The infant, baby Simran, (name changed) presented to Dr. Amit Javed and Dr. Anju Gambhirwith a food pipe that ended as a blind pouch. There was a gap which indicated that the oesophagus was incomplete. This condition is called the Oesophageal atresia and is caused by an aberrant embryological development of the oesophagus. In this medical condition the food pipe is completely or partially absent. The upper food pipe ends and does not connect with the lower food pipe and the stomach.This condition is usually detected in a new born with excessive salivation (drooling) that is frequently accompanied with choking, and coughing. When fed the usual way through the mouth, the baby swallows normally but struggles consequently as the feed returns from the nose or the mouth.

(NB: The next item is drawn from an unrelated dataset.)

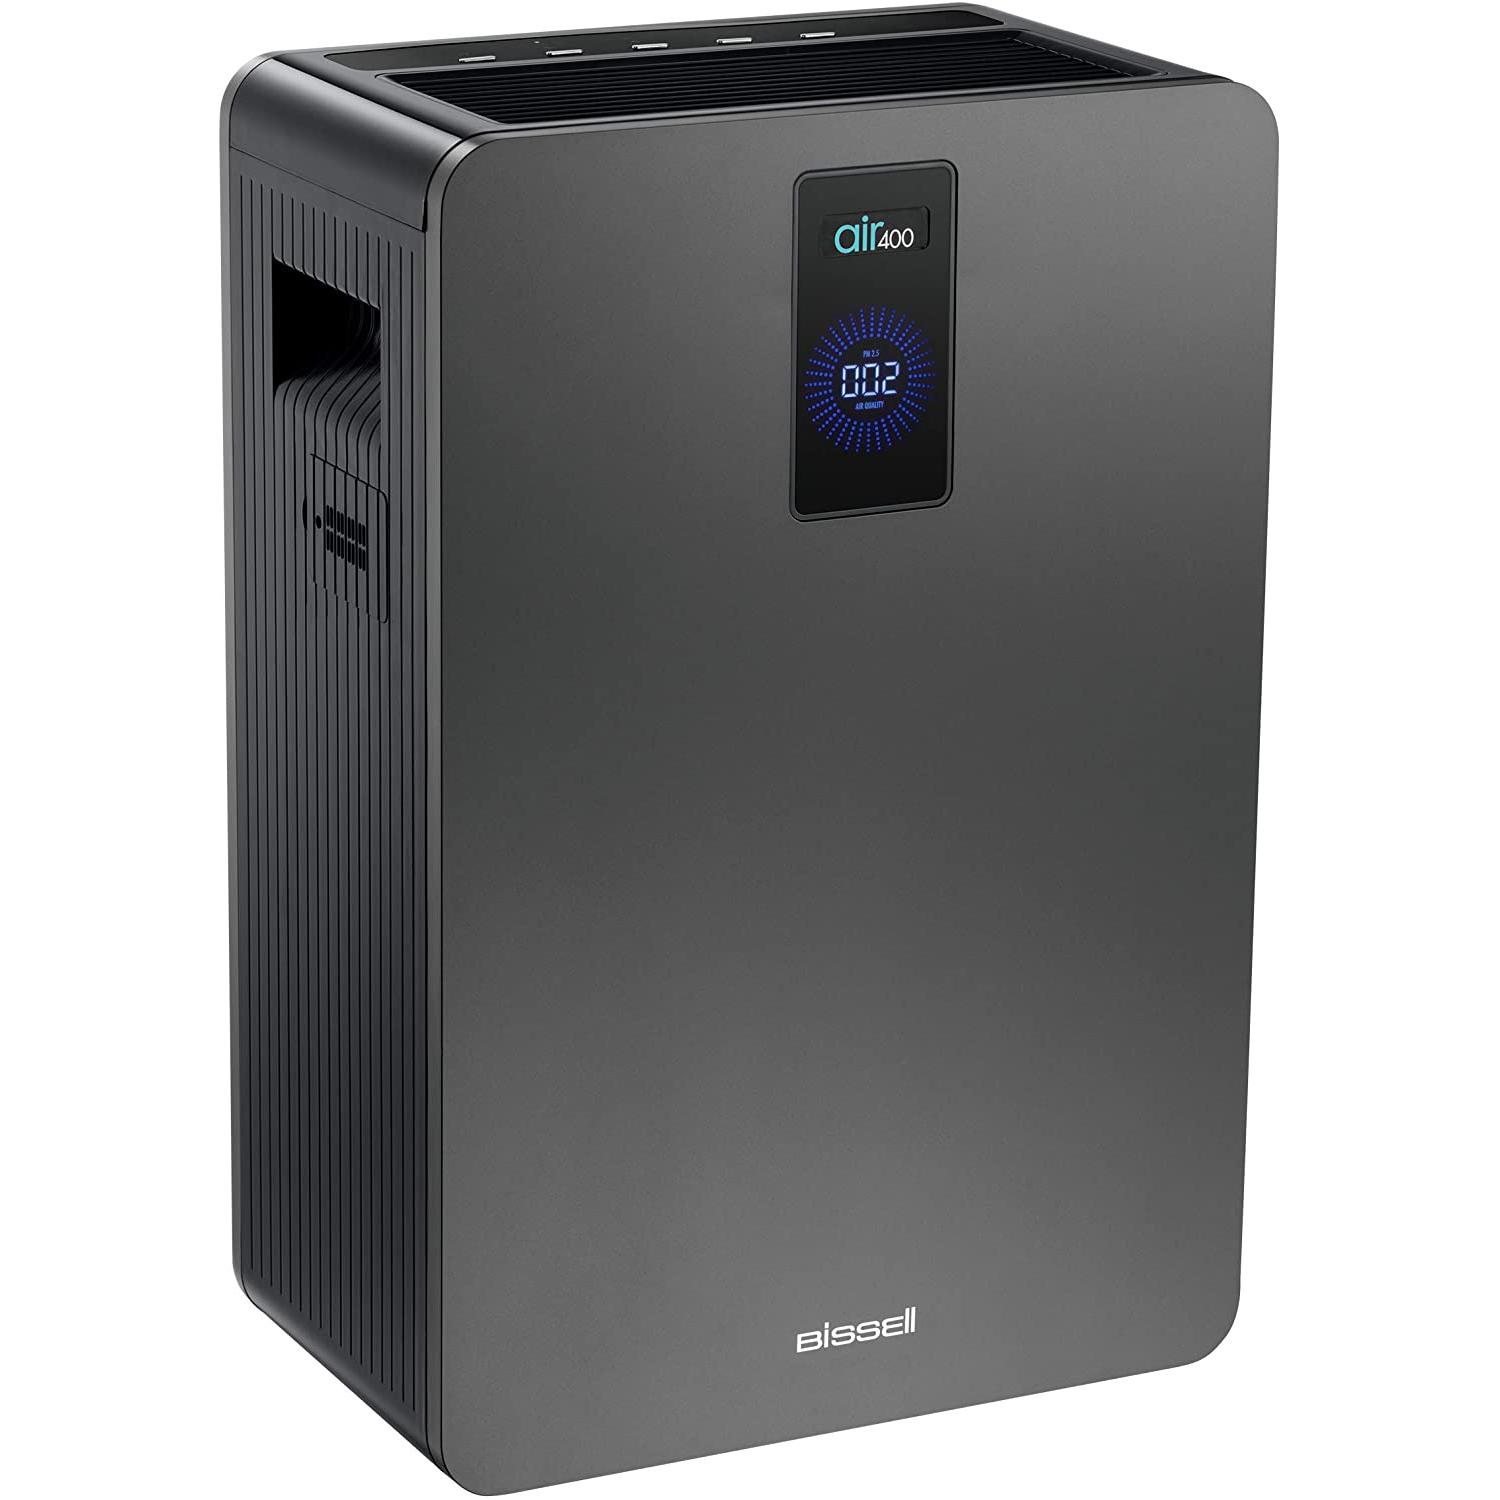 Bissell air400 Professional Air Purifier for $199.99 Shipped

The risks in this condition are that the baby can turn cyanotic (blue) as the fluid may go into the trachea or the wind pipe. The surgical treatment for correction of this condition depends on how big the defect is. In the smaller defects the two blind ends of the food pipe are brought together and sutured. For larger gaps, a new food pipe is constructed.


Dr. Anju Gambhir, , Sr. Consultant, Department of Pediatric Surgery said, “Baby was born with the congenital defect of a large gap and this presented multiple challenges to the doctors. The gap had to be reconstructed. The baby had been fed for nine months through a catheter that was inserted into the stomach. The fact that the mother was managing this condition so well is really appreciable.”


Dr Amit Javed’svast experience of conducting open and laparoscopic oesophageal surgeries helped in step wise planning and execution of this 6 hour surgery.


Dr Amit Javed, Consultant and Head, G.I Surgery, said “The surgical procedure is traditionally conducted through an open technique that leaves significant scars on the abdomen for a lifetime. As laparoscopic surgeries in infants is rare, the equipment used in such surgeries is also not routinely manufactured to suit the small size of the patient. Minimally invasive surgery in infants with this condition is thereby performed only in very limited centers across the world.”


The two organs that could be utilized for this reconstruction were the stomach and the large intestine. The tubes serving as a food pipe would be reconstructed out of these. The surgical procedure is traditionally conducted through an open technique which leaves significant scars on the abdomen for a lifetime. As laparoscopic surgeries in infants is rare, the equipment used in these surgeries are also not manufactured to suit the small size of the patient.


The infant’s mother tearfully said, “She is our first child and when we were faced with the challenge that was beyond our comprehension we were naturally demotivated. However, with Dr. Javed and Dr. Gambhir our hopes, happiness and new lease of life for our baby have taken a flight. It is a relief to see normalcy returned to our child and we are very grateful to the team at Fortis Hospital Shalimar Bagh.”